▶ PROBLEM DESCRIPTION
Transcribe the listing below exactly, from its first line through the line with "Oral-B Pro Toothbrush". Omit the pictures.

▶ INFORMATION SUPPLIED
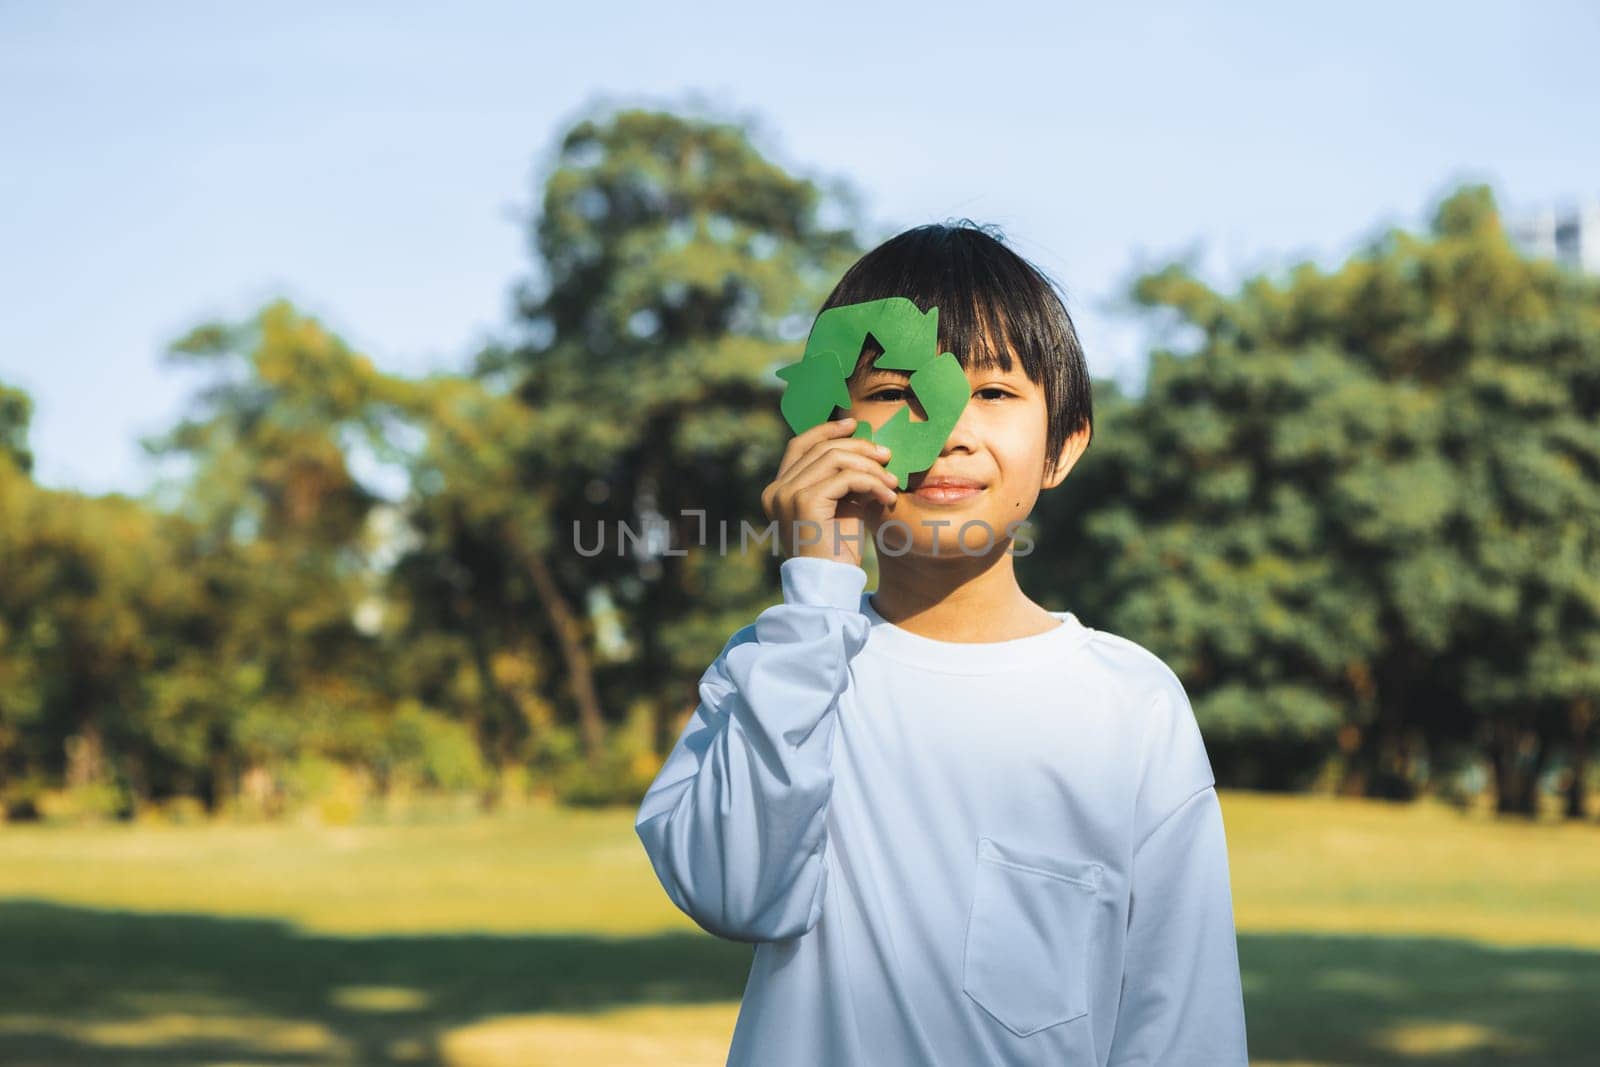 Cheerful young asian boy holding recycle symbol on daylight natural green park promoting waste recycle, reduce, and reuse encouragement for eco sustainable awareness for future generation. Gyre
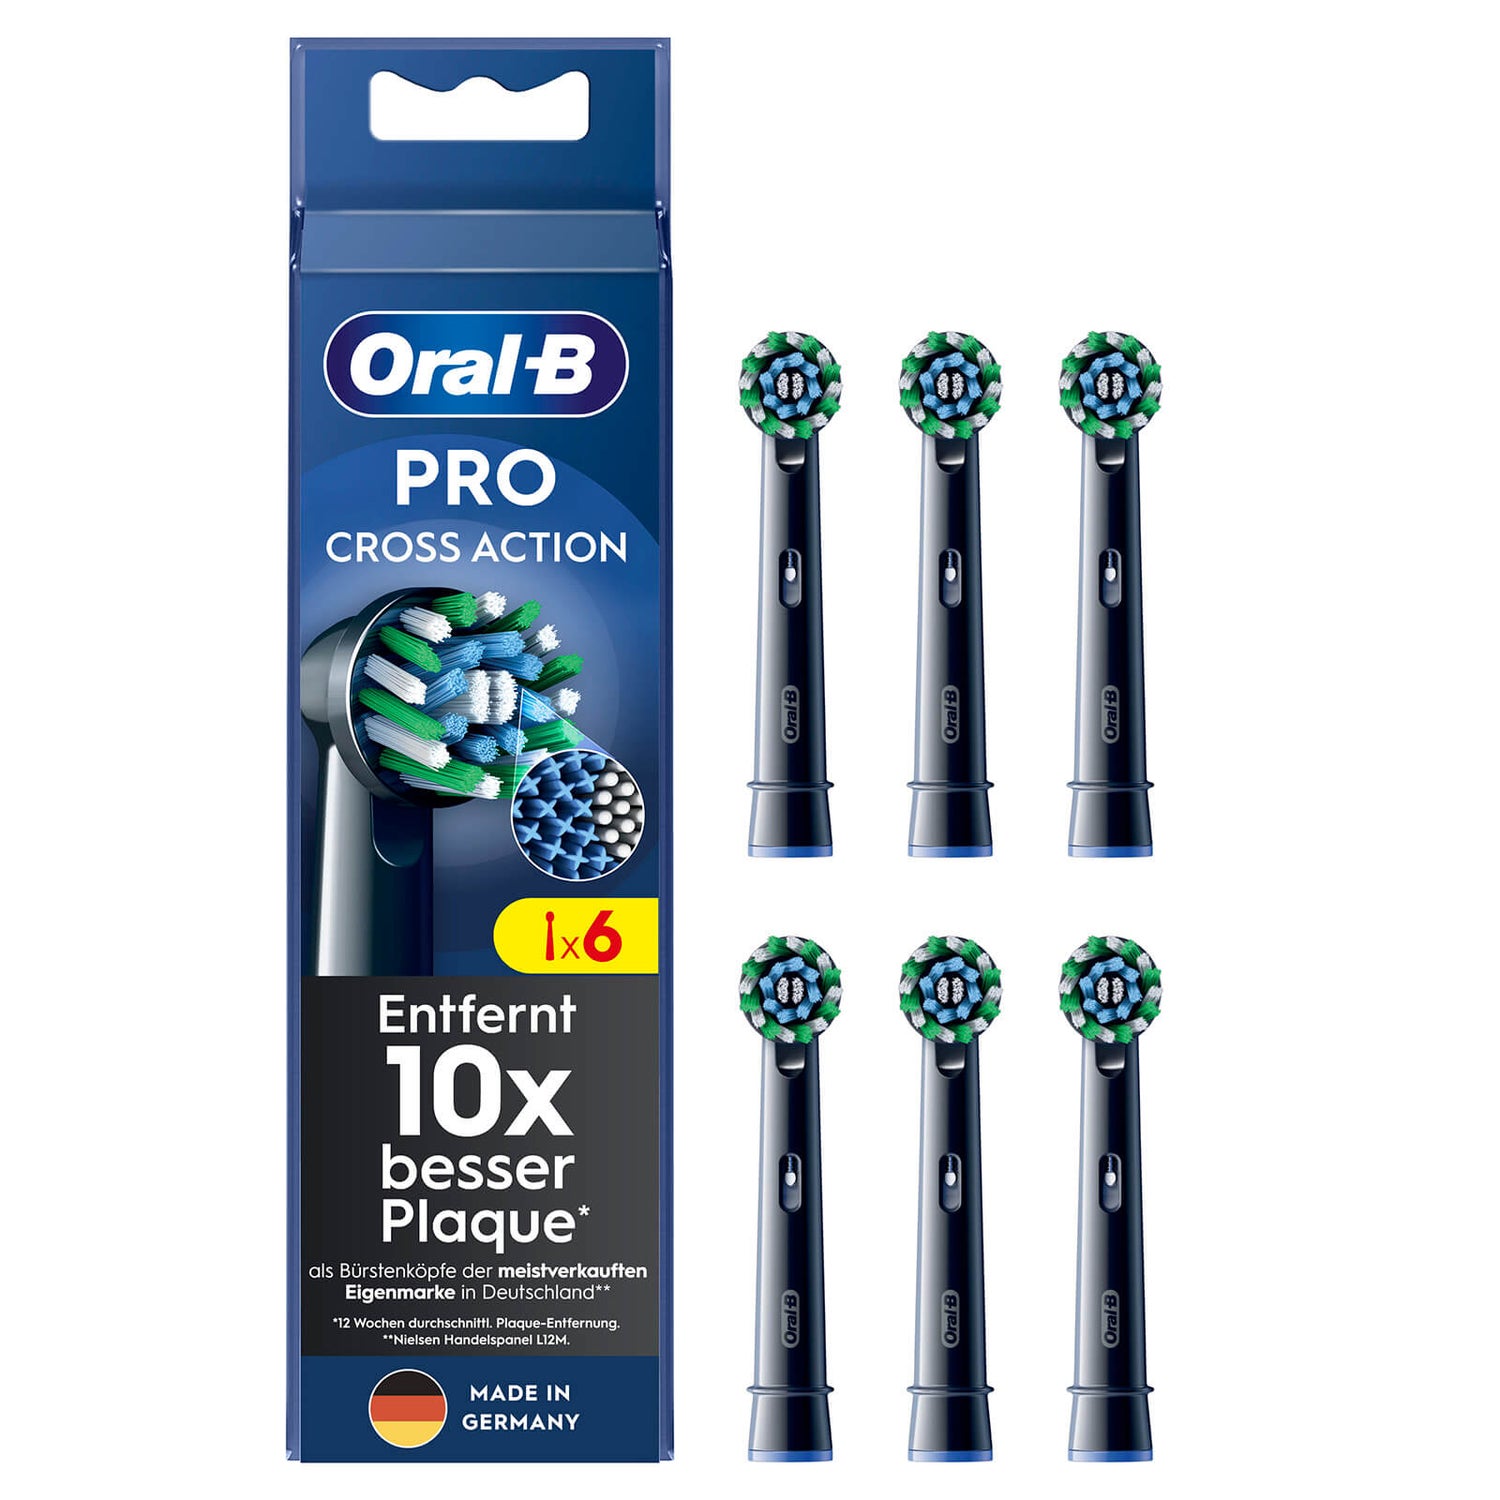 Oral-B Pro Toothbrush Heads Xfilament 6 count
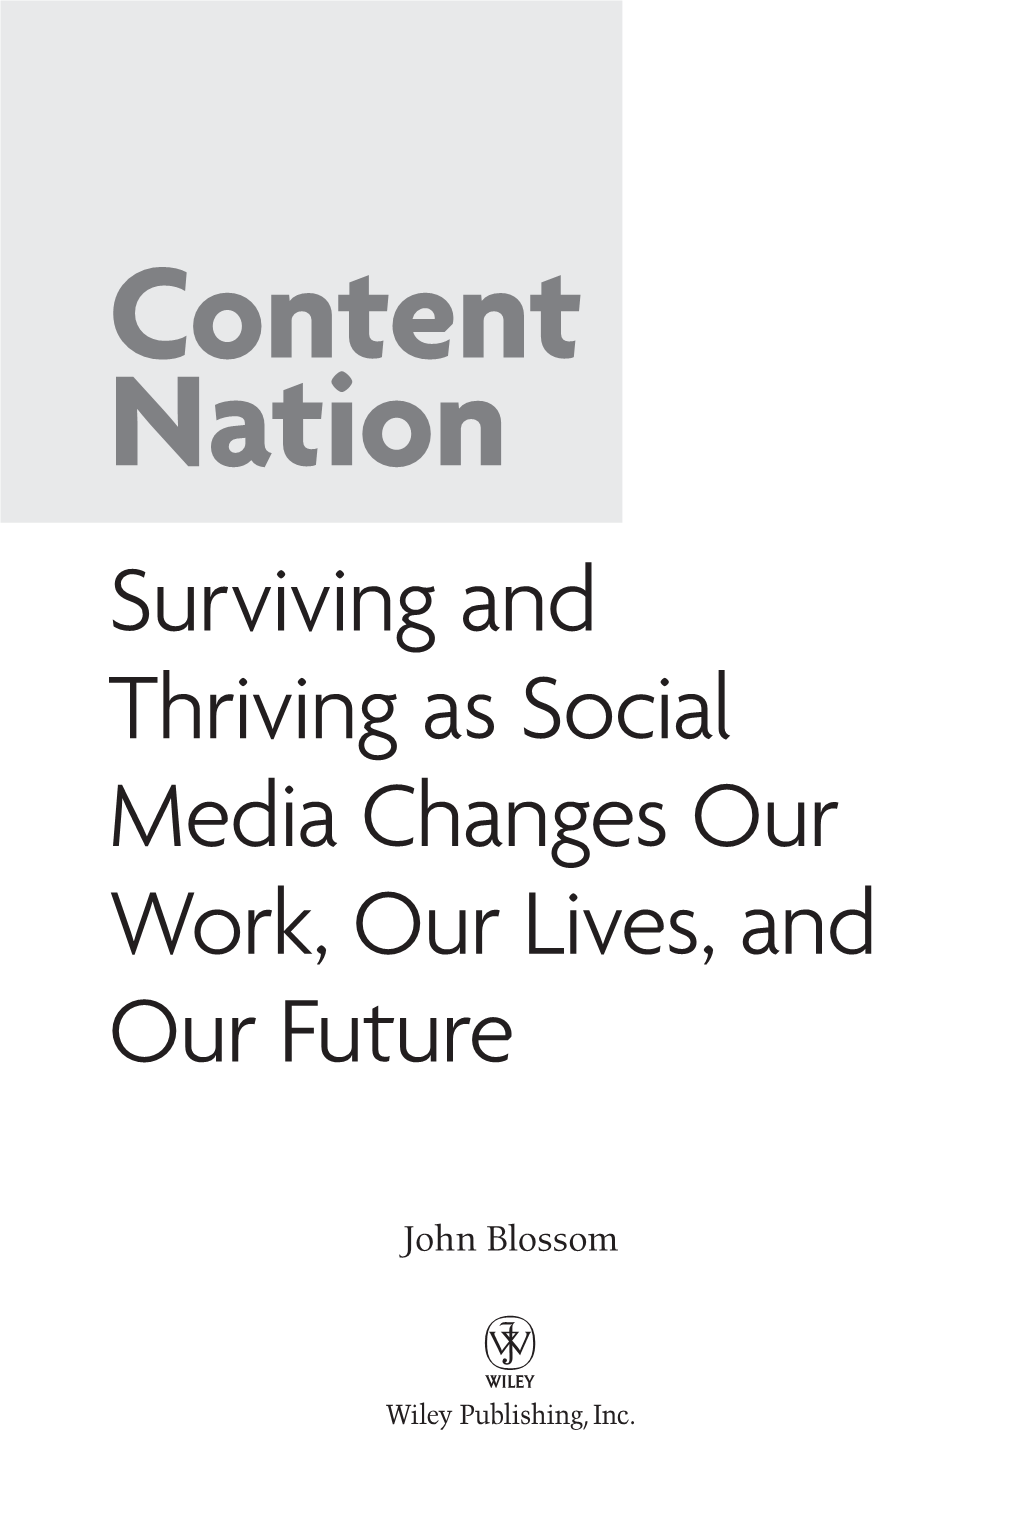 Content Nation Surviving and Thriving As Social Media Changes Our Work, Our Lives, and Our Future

▶ REPLY TO THE EXERCISE
 Cheerful young asian boy holding recycle symbol on daylight natural green park promoting waste recycle, reduce, and reuse encouragement for eco sustainable awareness for future generation. Gyre
 Oral-B Pro Toothbrush Heads Xfilament 6 count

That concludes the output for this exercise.